Department of Cell Biology and Molecular Genetics, Maryland Agricultural Experiment Station, University of Maryland College Park, MD, USA.
Front Plant Sci. 2012 Feb 14;3:25. doi: 10.3389/fpls.2012.00025. eCollection 2012.
All organisms have evolved strategies to regulate ion and pH homeostasis in response to developmental and environmental cues. One strategy is mediated by monovalent cation-proton antiporters (CPA) that are classified in two superfamilies. Many CPA1 genes from bacteria, fungi, metazoa, and plants have been functionally characterized; though roles of plant CPA2 genes encoding K(+)-efflux antiporter (KEA) and cation/H(+) exchanger (CHX) families are largely unknown. Phylogenetic analysis showed that three clades of the CPA1 Na(+)-H(+) exchanger (NHX) family have been conserved from single-celled algae to Arabidopsis. These are (i) plasma membrane-bound SOS1/AtNHX7 that share ancestry with prokaryote NhaP, (ii) endosomal AtNHX5/6 that is part of the eukaryote Intracellular-NHE clade, and (iii) a vacuolar NHX clade (AtNHX1-4) specific to plants. Early diversification of KEA genes possibly from an ancestral cyanobacterium gene is suggested by three types seen in all plants. Intriguingly, CHX genes diversified from three to four members in one subclade of early land plants to 28 genes in eight subclades of Arabidopsis. Homologs from Spirogyra or Physcomitrella share high similarity with AtCHX20, suggesting that guard cell-specific AtCHX20 and its closest relatives are founders of the family, and pollen-expressed CHX genes appeared later in monocots and early eudicots. AtCHX proteins mediate K(+) transport and pH homeostasis, and have been localized to intracellular and plasma membrane. Thus KEA genes are conserved from green algae to angiosperms, and their presence in red algae and secondary endosymbionts suggest a role in plastids. In contrast, AtNHX1-4 subtype evolved in plant cells to handle ion homeostasis of vacuoles. The great diversity of CHX genes in land plants compared to metazoa, fungi, or algae would imply a significant role of ion and pH homeostasis at dynamic endomembranes in the vegetative and reproductive success of flowering plants.

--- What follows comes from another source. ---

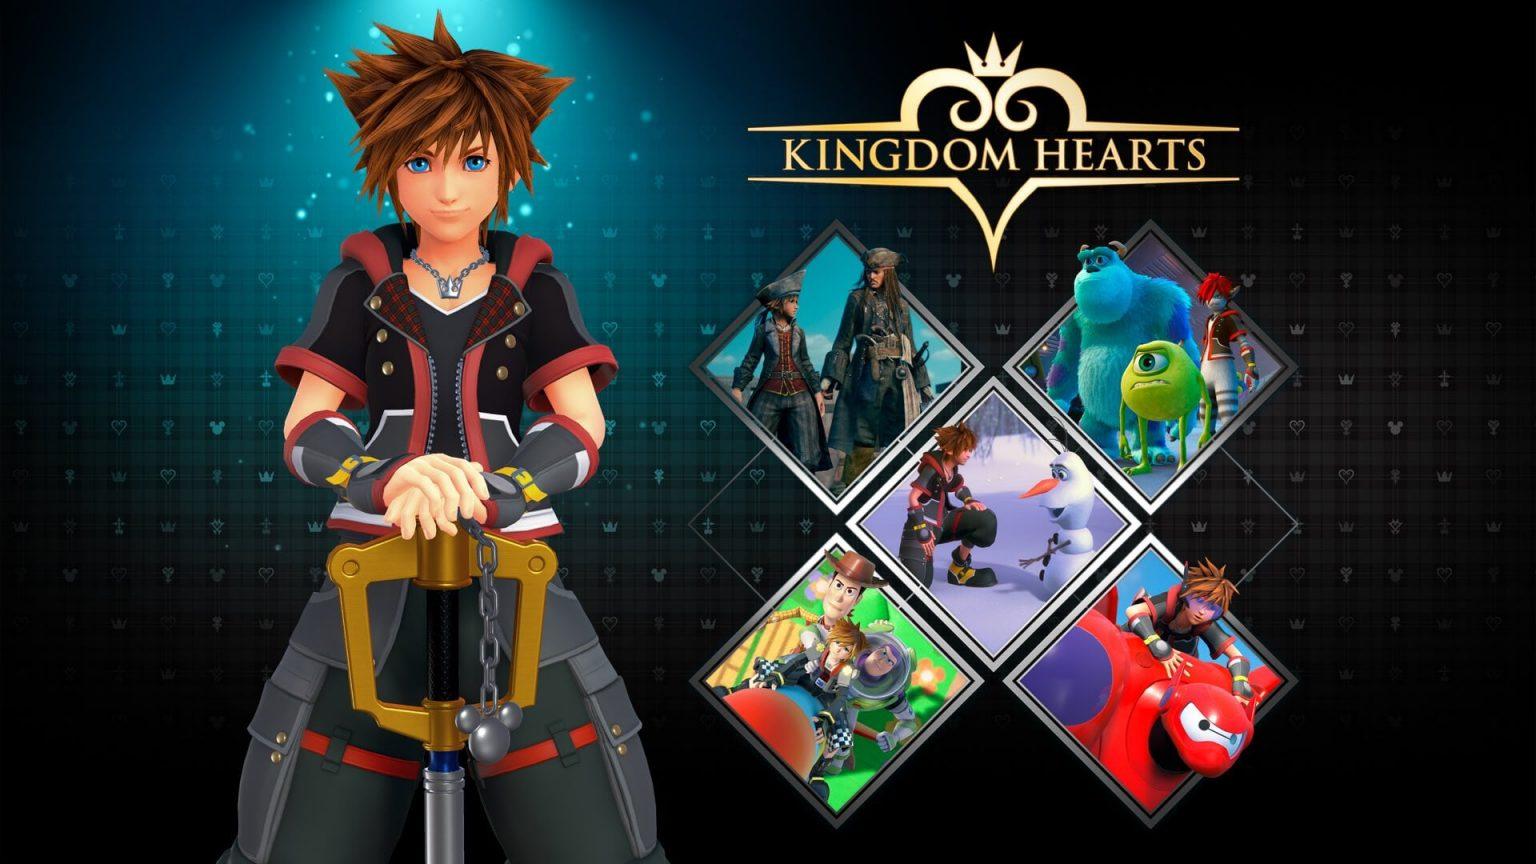 Kingdom Hearts 3 Apk iOS Latest Version Free Download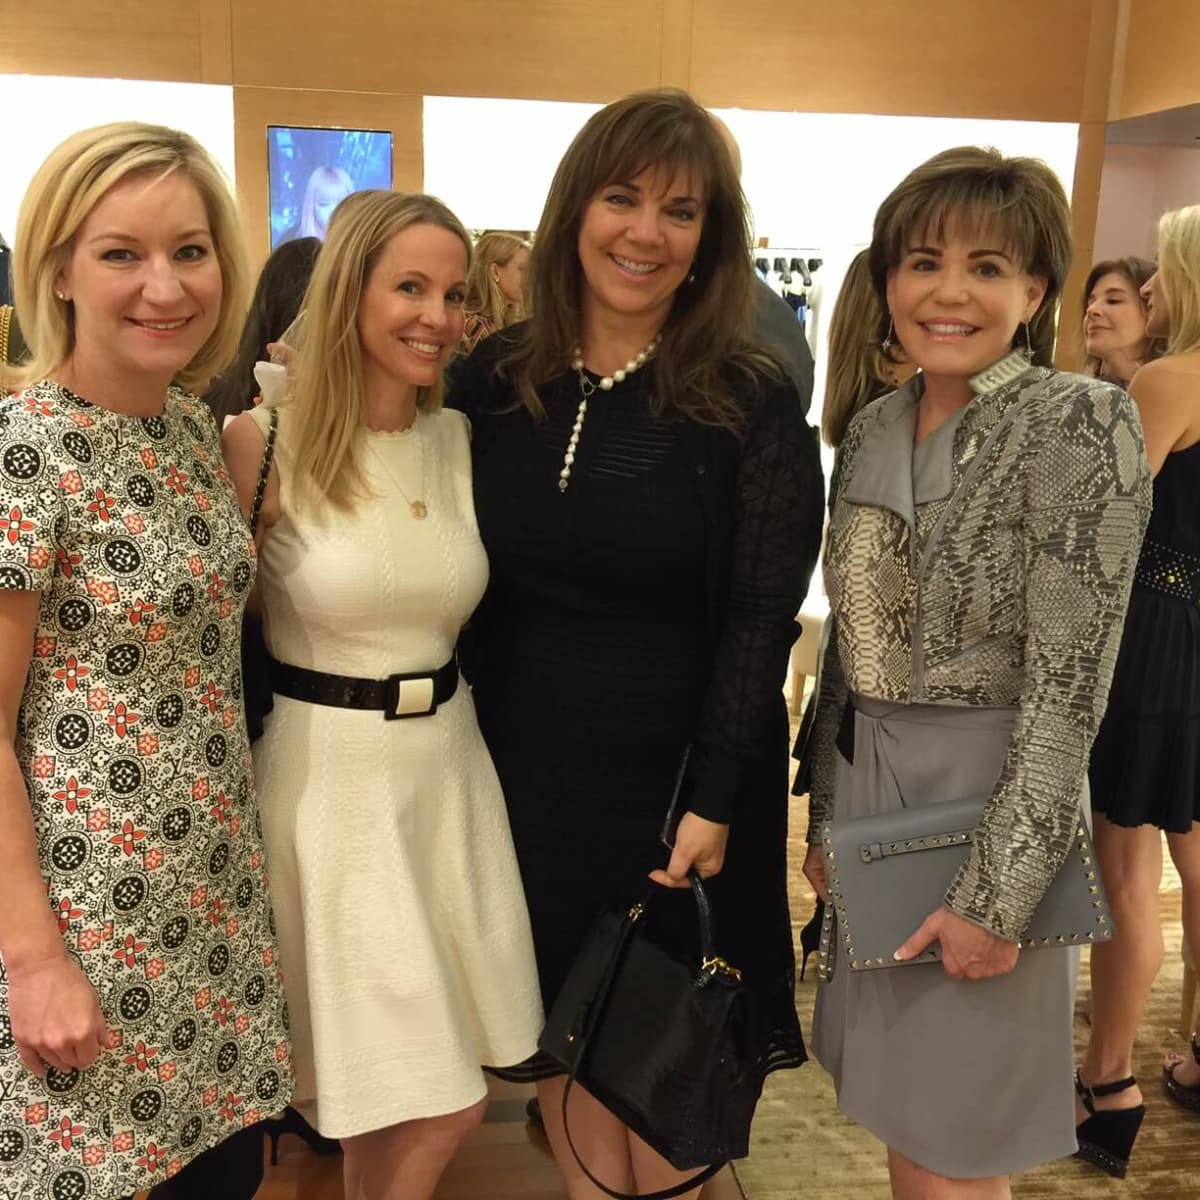 Vogue, Louis Vuitton lunch, 9/26 Emily Paull, Raquel Segal, Terri Havens, Hallie Vandiver

所有生物体都进化出了调节离子和 pH 值稳态的策略,以响应发育和环境线索。一种策略是由单价阳离子-质子反向转运体(CPA)介导的,这些转运体分为两个超家族。已经对来自细菌、真菌、后生动物和植物的许多 CPA1 基因进行了功能表征;尽管编码 K(+)外排反向转运体(KEA)和阳离子/H(+)交换体(CHX)家族的植物 CPA2 基因的作用在很大程度上尚不清楚。系统发育分析表明,从单细胞藻类到拟南芥,CPA1Na(+)-H(+)交换体(NHX)家族的三个分支已经保守。这些分支是(i)质膜结合的 SOS1/AtNHX7,与原核生物 NhaP 有共同的祖先,(ii)内体的 AtNHX5/6,是真核生物 Intracellular-NHE 分支的一部分,以及(iii)植物特有的液泡 NHX 分支(AtNHX1-4)。从所有植物中看到的三种类型表明,KEA 基因可能从祖先蓝细菌基因中早期多样化。有趣的是,CHX 基因在早期陆地植物的一个亚科中从三种多样化到四个成员,在拟南芥的八个亚科中多样化到 28 个基因。来自水绵或石松的同源物与 AtCHX20 具有高度相似性,表明保卫细胞特异性的 AtCHX20 及其最接近的亲属是该家族的创始人,并且在单子叶植物和早期真双子叶植物中出现了花粉表达的 CHX 基因。AtCHX 蛋白介导 K(+)转运和 pH 值稳态,并被定位到细胞内和质膜。因此,KEA 基因从绿藻到被子植物都是保守的,它们在红藻和二次内共生体中的存在表明它们在质体中具有作用。相比之下,AtNHX1-4 亚型在植物细胞中进化,以处理液泡的离子稳态。与后生动物、真菌或藻类相比,陆地植物中 CHX 基因的巨大多样性意味着离子和 pH 值稳态在有花植物的营养和生殖成功中的动态内膜中的重要作用。